Despite its widespread use, interpreting a netCDF file can be challenging, especially for newcomers to the format. This chapter will help you to easily understand the content structure of a standard netCDF file.

## NetCDF Content Structure

A netCDF file generally contains **data** and attributes about the data, known as **metadata**. The data is composed of *dimensions* and *variables*, which include coordinate variables, data variables, and sometimes other types of variables.

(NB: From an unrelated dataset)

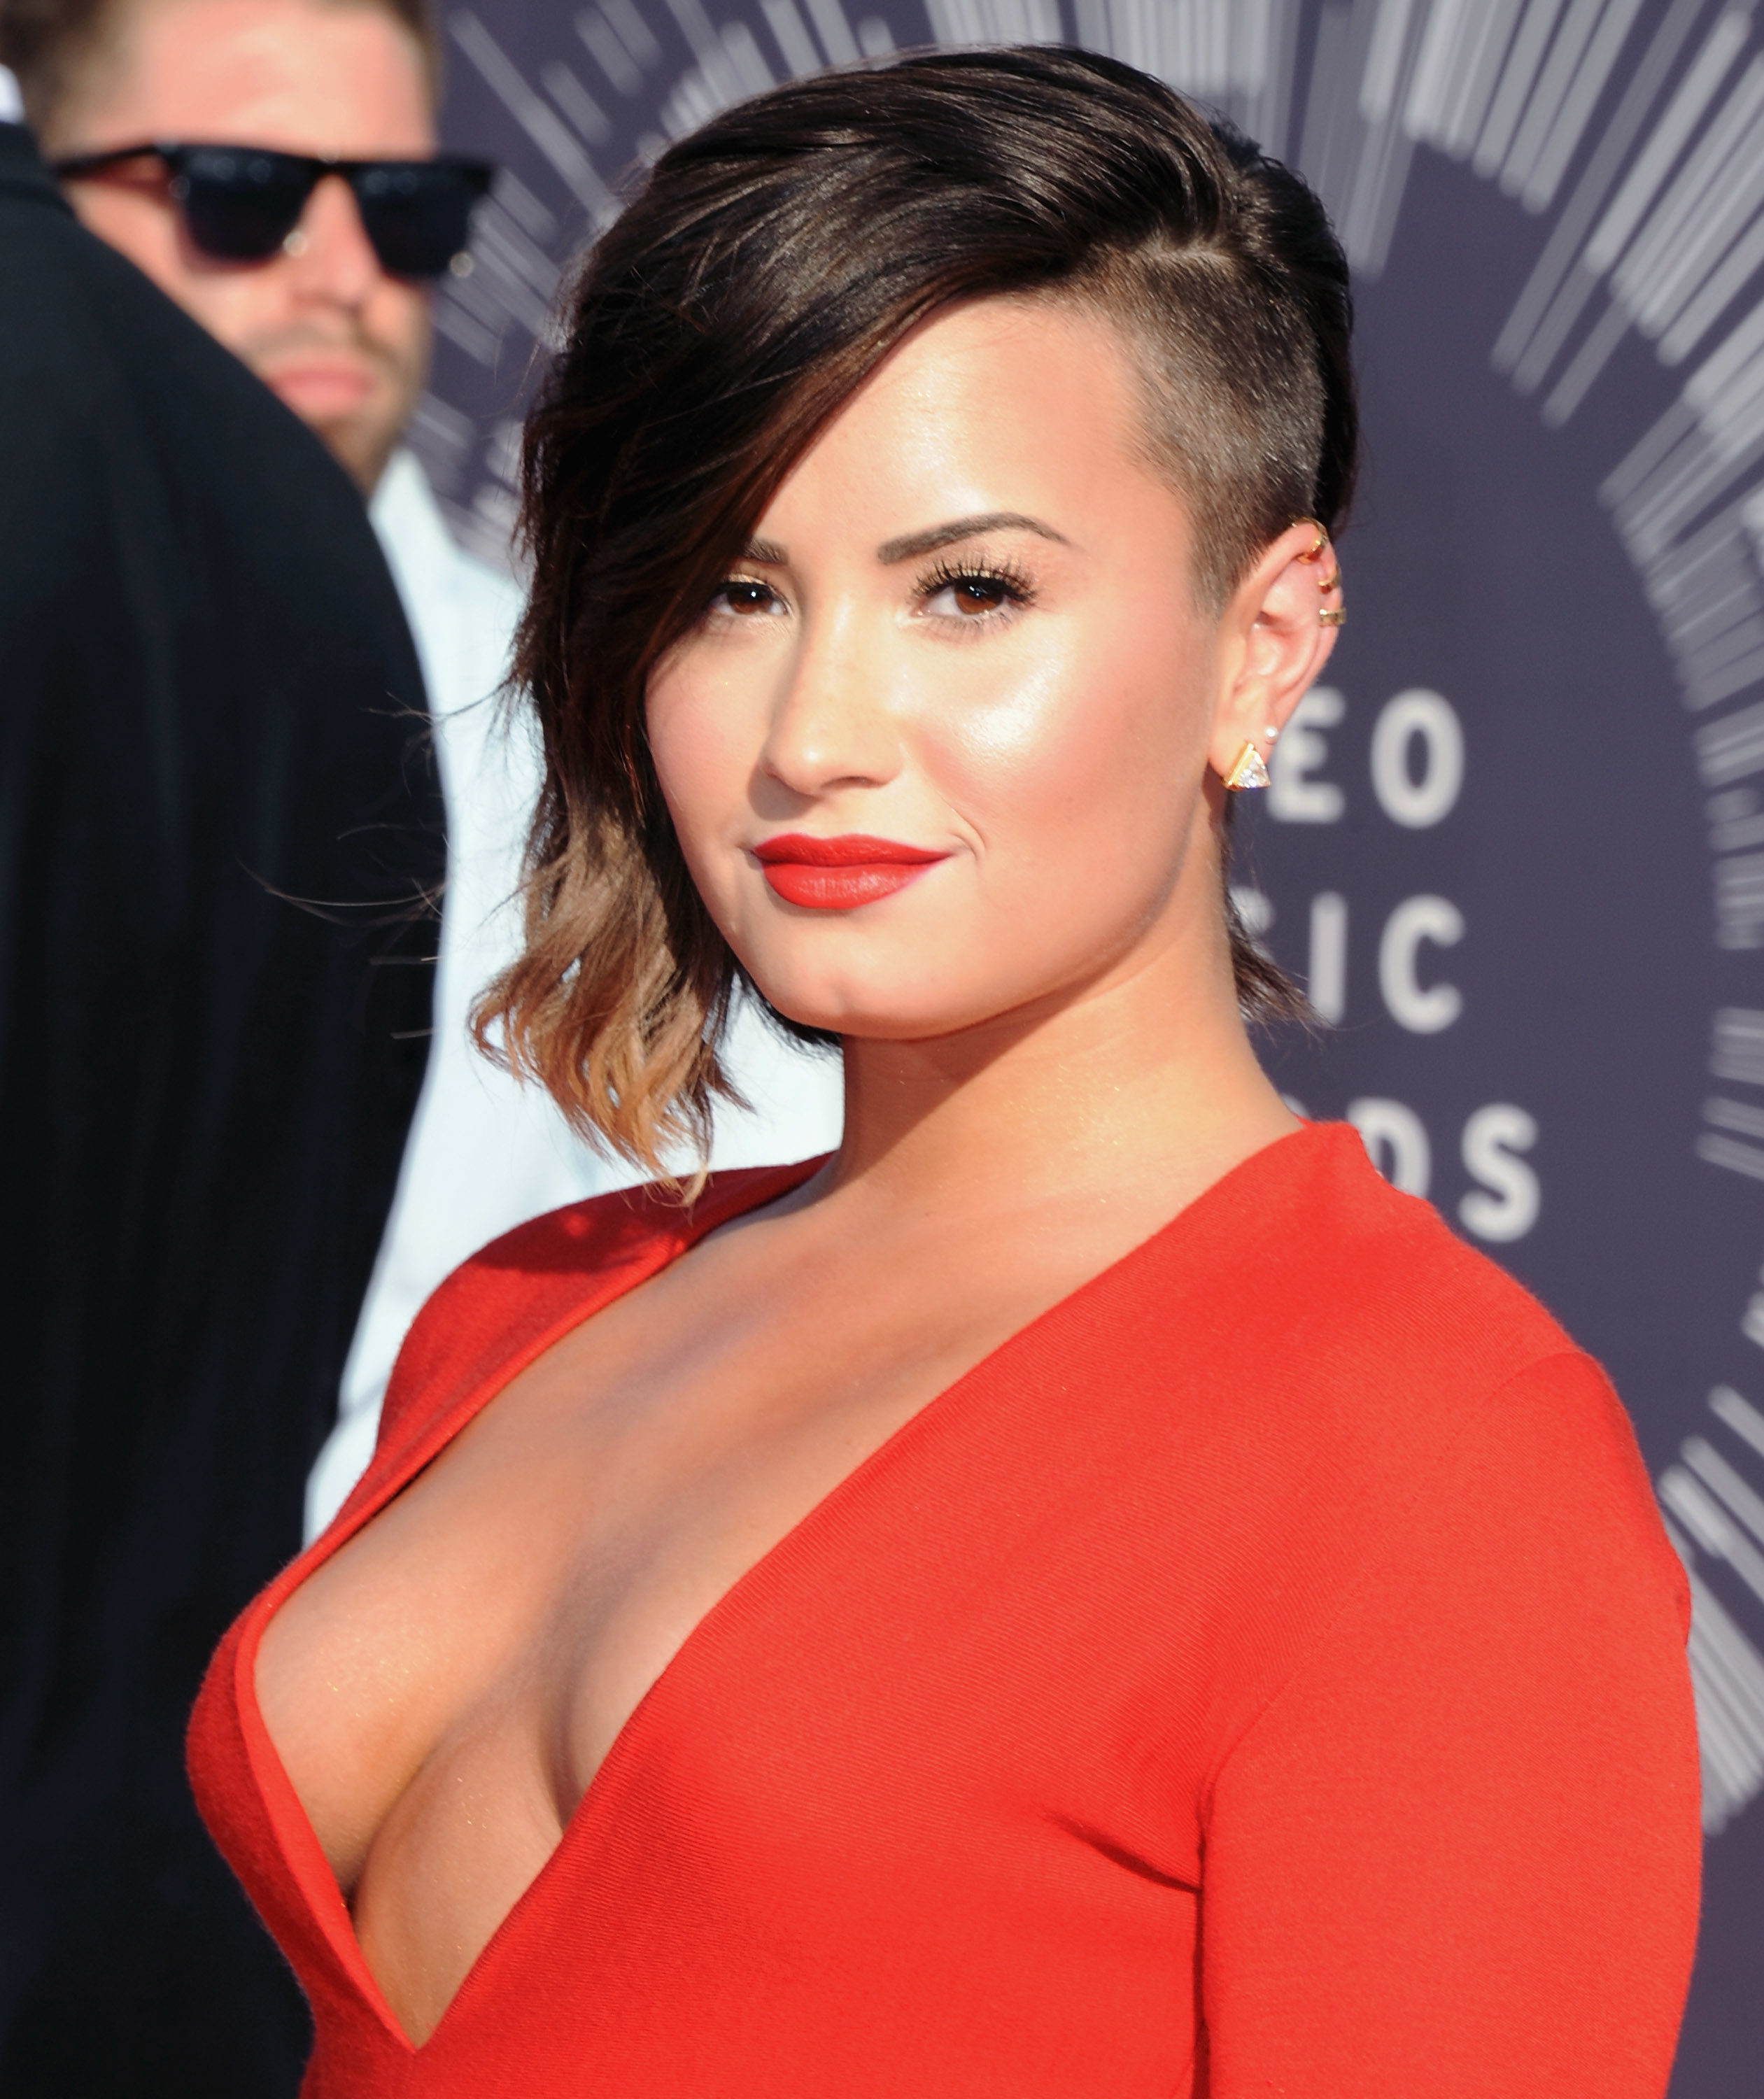 Demi Lovato Shaves Her Head And Gets An Undercut

* *Dimensions* define how the data is organized.

* *Coordinate variables*  specify the coordinates along each dimension.
    
* *Data variables* usually represent physical variables in the earth system science (ESS) domain, such as air temperature, wind speed, etc. These variables typically span multiple dimensions, usually over longitude, latitude, time, and vertical dimensions like altitude, depth, and pressure levels.

In addition to the data, a standardized netCDF file includes two types of metadata:

1. *Variable attributes*: These provide information about individual coordinate and data variables.
    
2. *Global attributes*: These provide information about the entire dataset.

### Data

To make the structure of a netCDF file easier to understand, let's examine an [example dataset](https://downloads.psl.noaa.gov/Datasets/ncep.reanalysis/Dailies/surface_gauss/) from the NCEP-NCAR reanalysis. This dataset contains the daily mean air temperature at 2 meters above the Earth's surface for the year 1948.

In [1]:
import xarray as xr

ds = xr.open_dataset("/Users/icdc/Documents/NFDI/Kemeng/cfbook/src/data/air.2m.gauss.1948.nc",
                     decode_cf=False)
ds.info()

xarray.Dataset {
dimensions:
	lat = 94 ;
	lon = 192 ;
	time = 366 ;
	nbnds = 2 ;

variables:
	float32 lat(lat) ;
		lat:units = degrees_north ;
		lat:actual_range = [ 88.542 -88.542] ;
		lat:long_name = Latitude ;
		lat:standard_name = latitude ;
		lat:axis = Y ;
	float32 lon(lon) ;
		lon:units = degrees_east ;
		lon:long_name = Longitude ;
		lon:actual_range = [  0.    358.125] ;
		lon:standard_name = longitude ;
		lon:axis = X ;
	float64 time(time) ;
		time:long_name = Time ;
		time:delta_t = 0000-00-01 00:00:00 ;
		time:avg_period = 0000-00-01 00:00:00 ;
		time:standard_name = time ;
		time:axis = T ;
		time:units = hours since 1800-01-01 00:00:0.0 ;
		time:actual_range = [1297320. 1306080.] ;
		time:coordinate_defines = start ;
	float32 air(time, lat, lon) ;
		air:long_name = mean Daily Air temperature at 2 m ;
		air:units = degK ;
		air:precision = 2 ;
		air:GRIB_id = 11 ;
		air:GRIB_name = TMP ;
		air:var_desc = Air temperature ;
		air:dataset = NCEP Reanalysis Daily Averages ;
		

The example dataset includes four dimensions (`lat`, `lon`, `time`, `nbnds`) and five variables (`lat`, `lon`, `time`, `air`, `time_bnds`).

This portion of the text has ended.